**Material provided**.
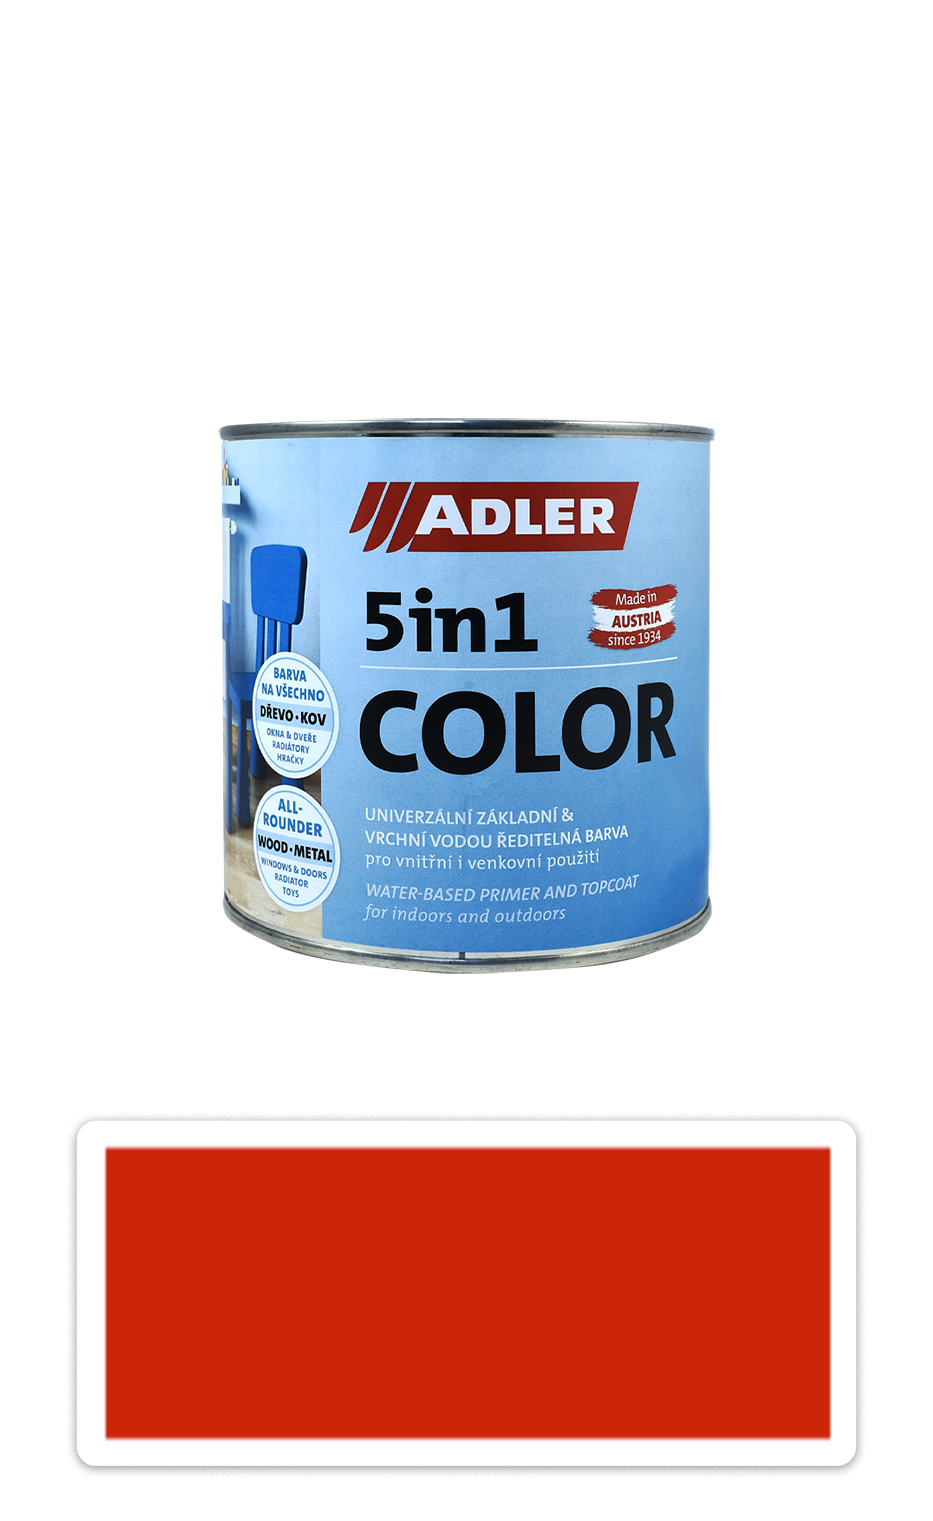 ADLER 5in1 Color - univerzálna vodou riediteľná farba 0.75 l Verkehrsrot / Dopravná červená RAL 3020
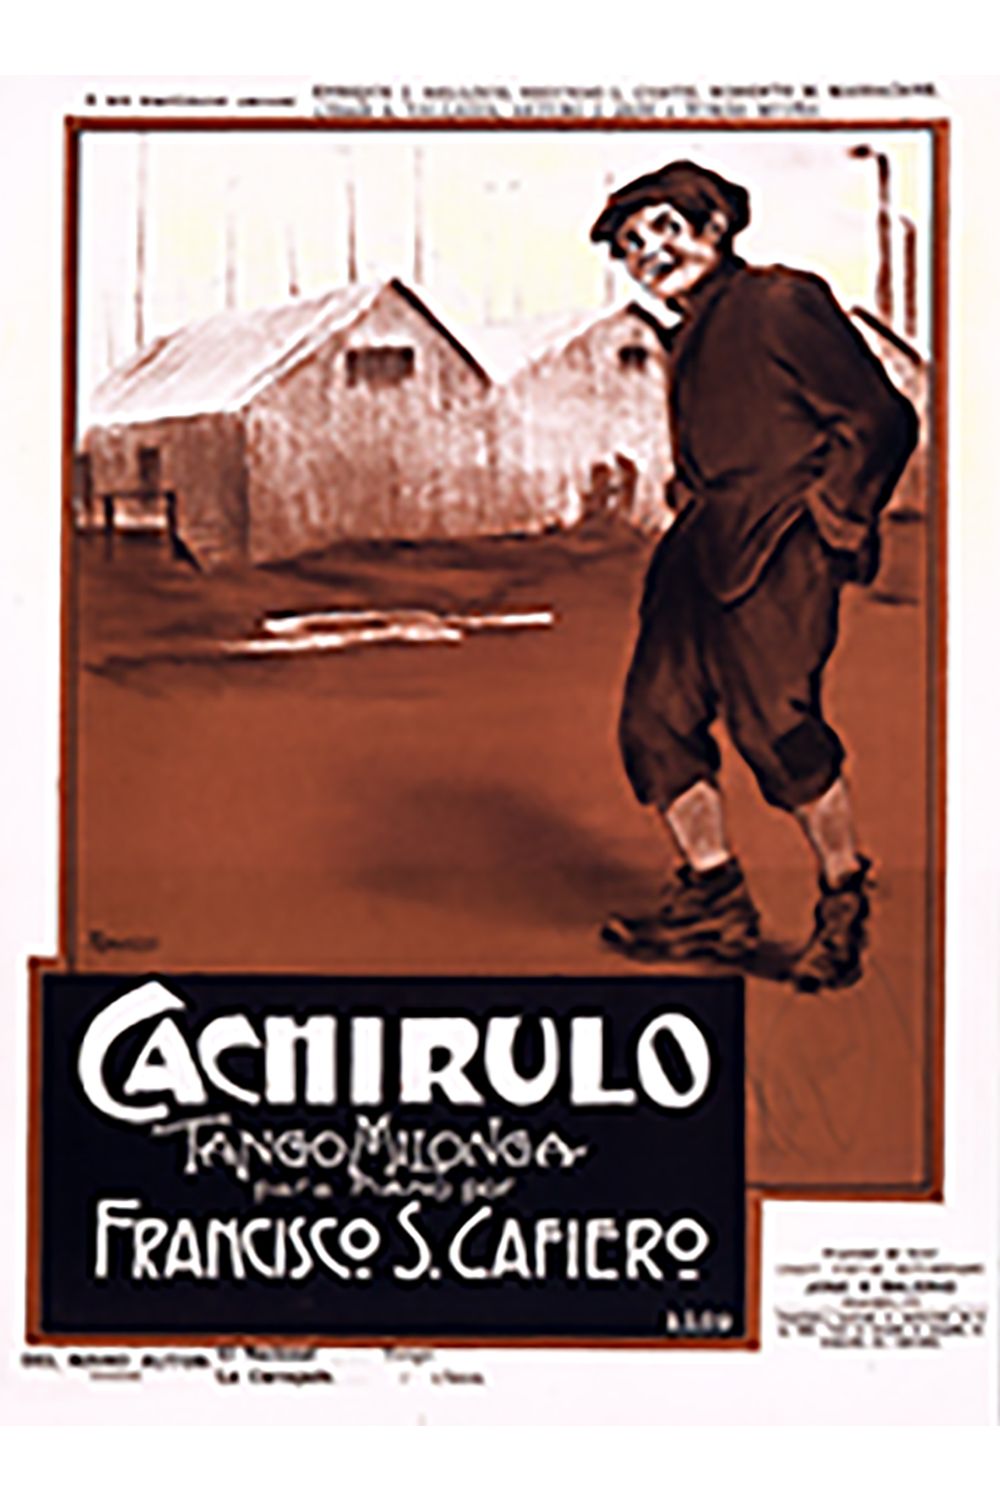 "Cachirulo", Argentine Tango music sheet.
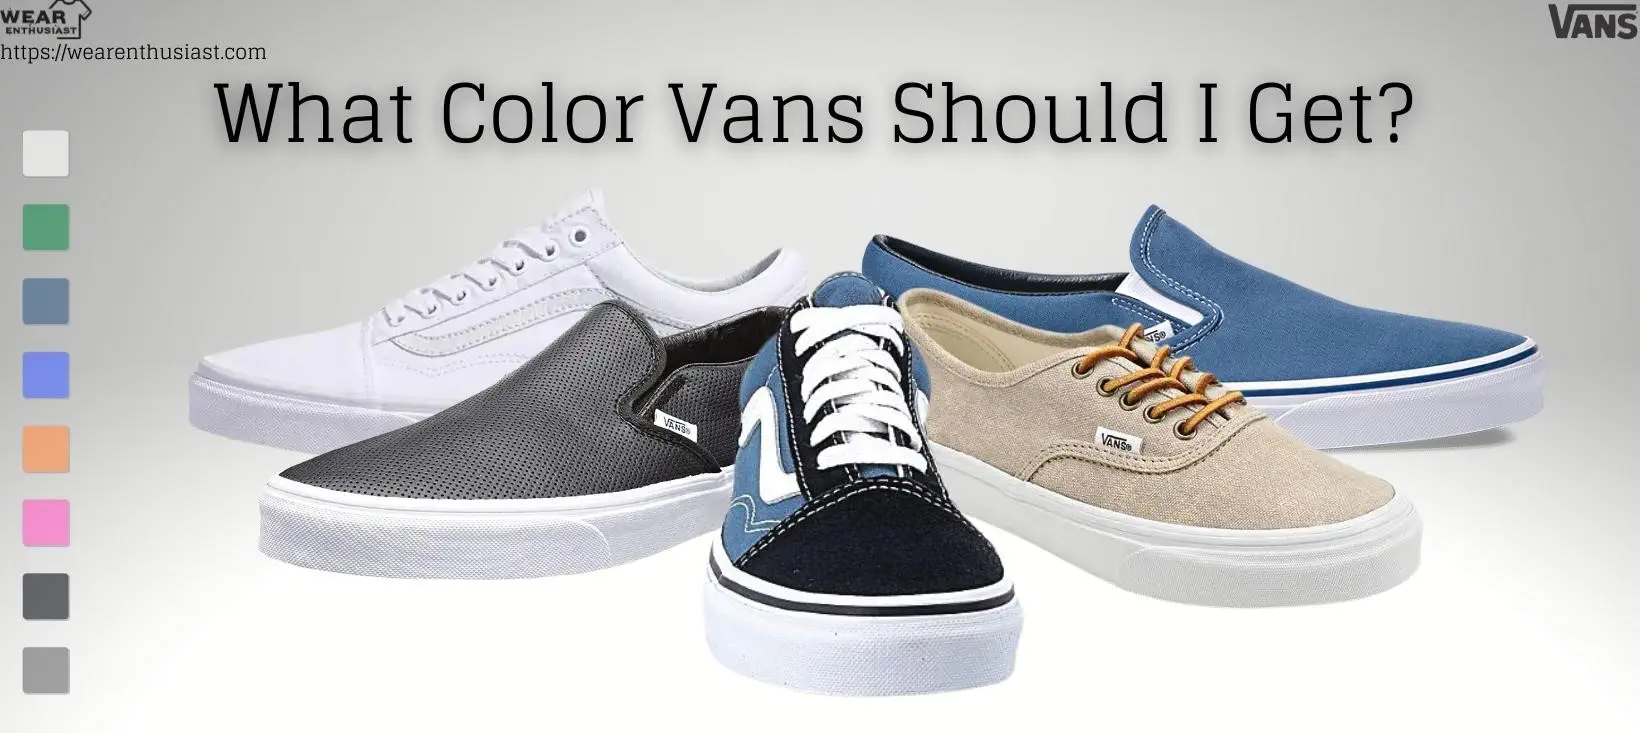 What Color Vans Should I Get?

**Goal of the exercise**. Could you retype every line above exactly as it appears, skipping the pictures?

**Result of this exercise**.
 ADLER 5in1 Color - univerzálna vodou riediteľná farba 0.75 l Verkehrsrot / Dopravná červená RAL 3020
 "Cachirulo", Argentine Tango music sheet.
 What Color Vans Should I Get?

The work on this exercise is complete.